A silence fell between them. She could sense a question rising in his breast. Before it came, she reached into the pocket of the cape and cupped the ruby in her palms.
He asked it then. "You are most welcome, miss, I assure you, but may I know just who you are?"
She turned.
Before her stood a tall, slim, still handsome man. His auburn hair, salted with gray, was the color of hers..
His green eyes stared at her. He shook his head as if to reset his vision, and looked again. His cleared gaze drifted to the ruby in her hands and flew back to her eyes, as his own clouded anew with disbelief.
"Romelle...my...daughter...my...child?" Bart's voice broke on every word.
She smiled, the tears overflowing on her cheeks. Too choked up to answer, she could only nod.
He went to her in halting steps, unsure his feet would touch the ground. He extended his hands and lay them over hers. Their flesh touched warmly across the stone. The ruby seemed to pulse in unison with their hearts.
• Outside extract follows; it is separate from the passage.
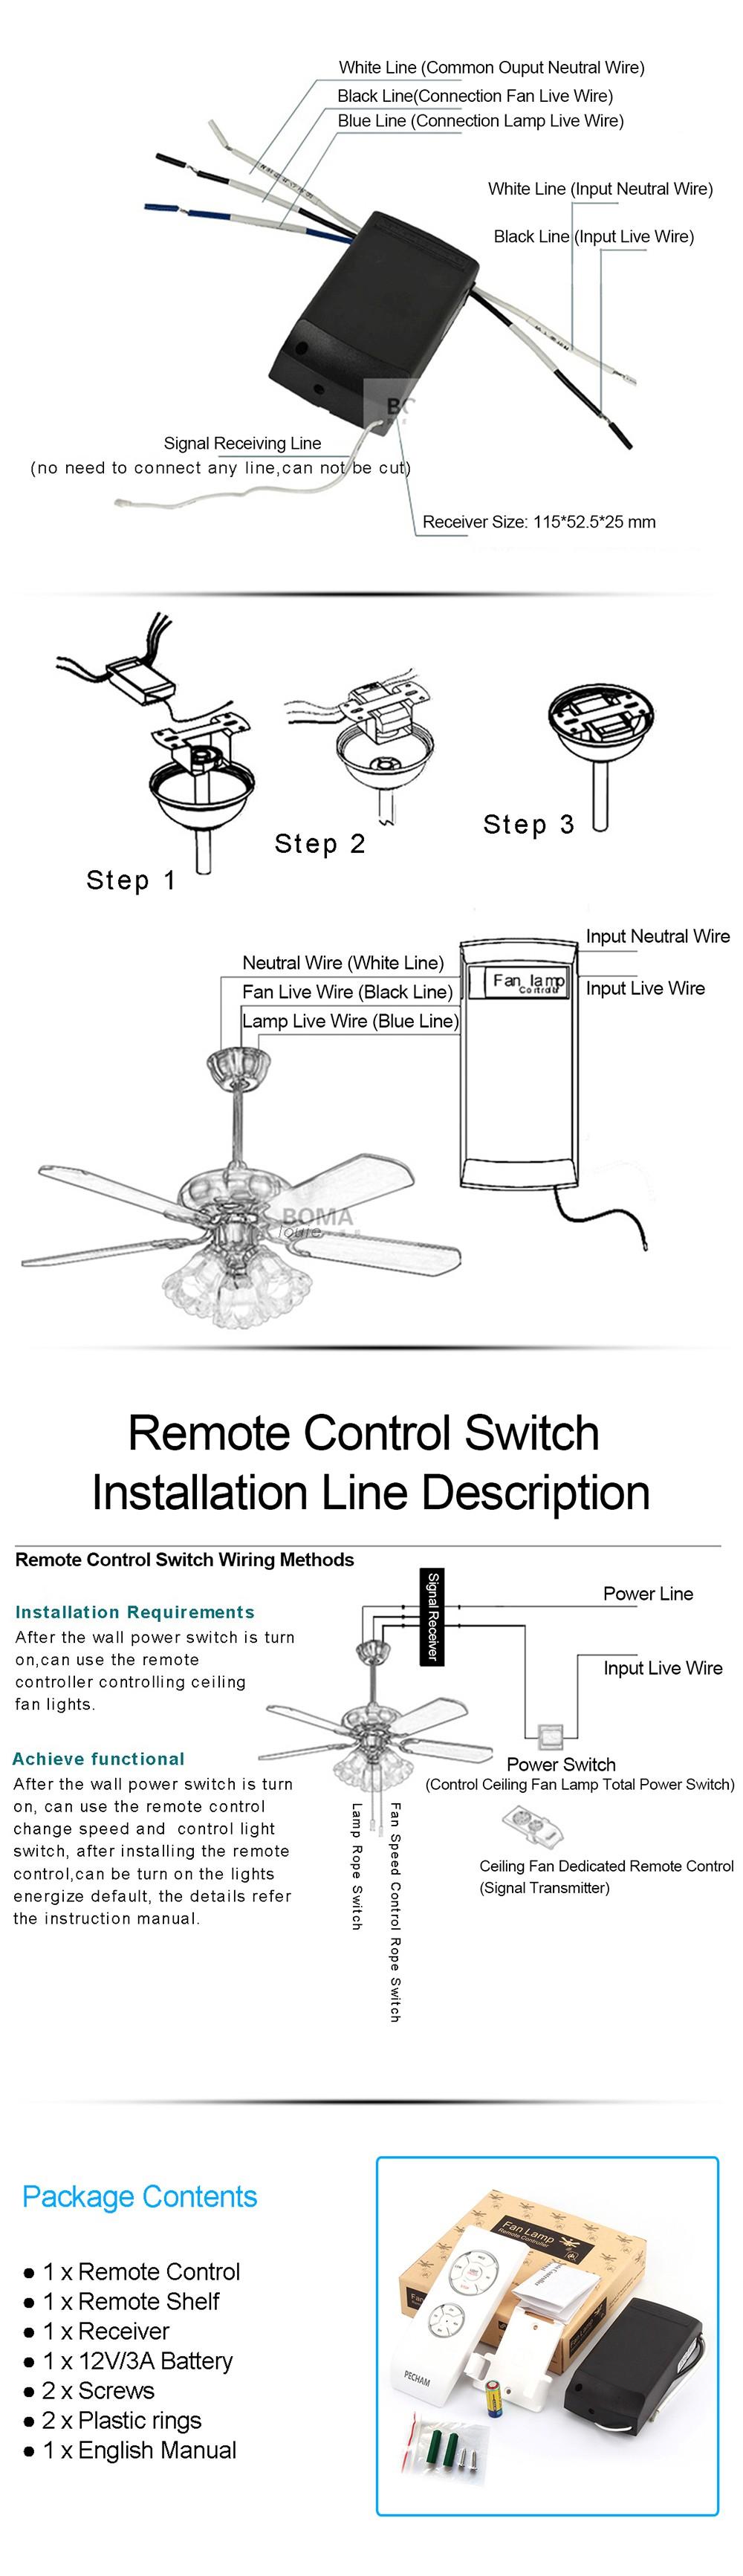 Pecham Universal Remote Control For Ceiling Fan Timing Ceilingfanwiringremote1powerwirejpg 01 02 03 04

She drew away to replace the ruby in the cape, then took his hands again.
He gazed with increasing wonder into her eyes.
She sighed with a measure of contentment she had thought she might never know, and lay her head gratefully against his chest when he enfolded her in his arms.
Bart looked over her shoulder through misted eyes at the Tree of Heaven named Beth.
"She is here, my love," he murmured. "My prayers have been answered. Our little girl has come to me."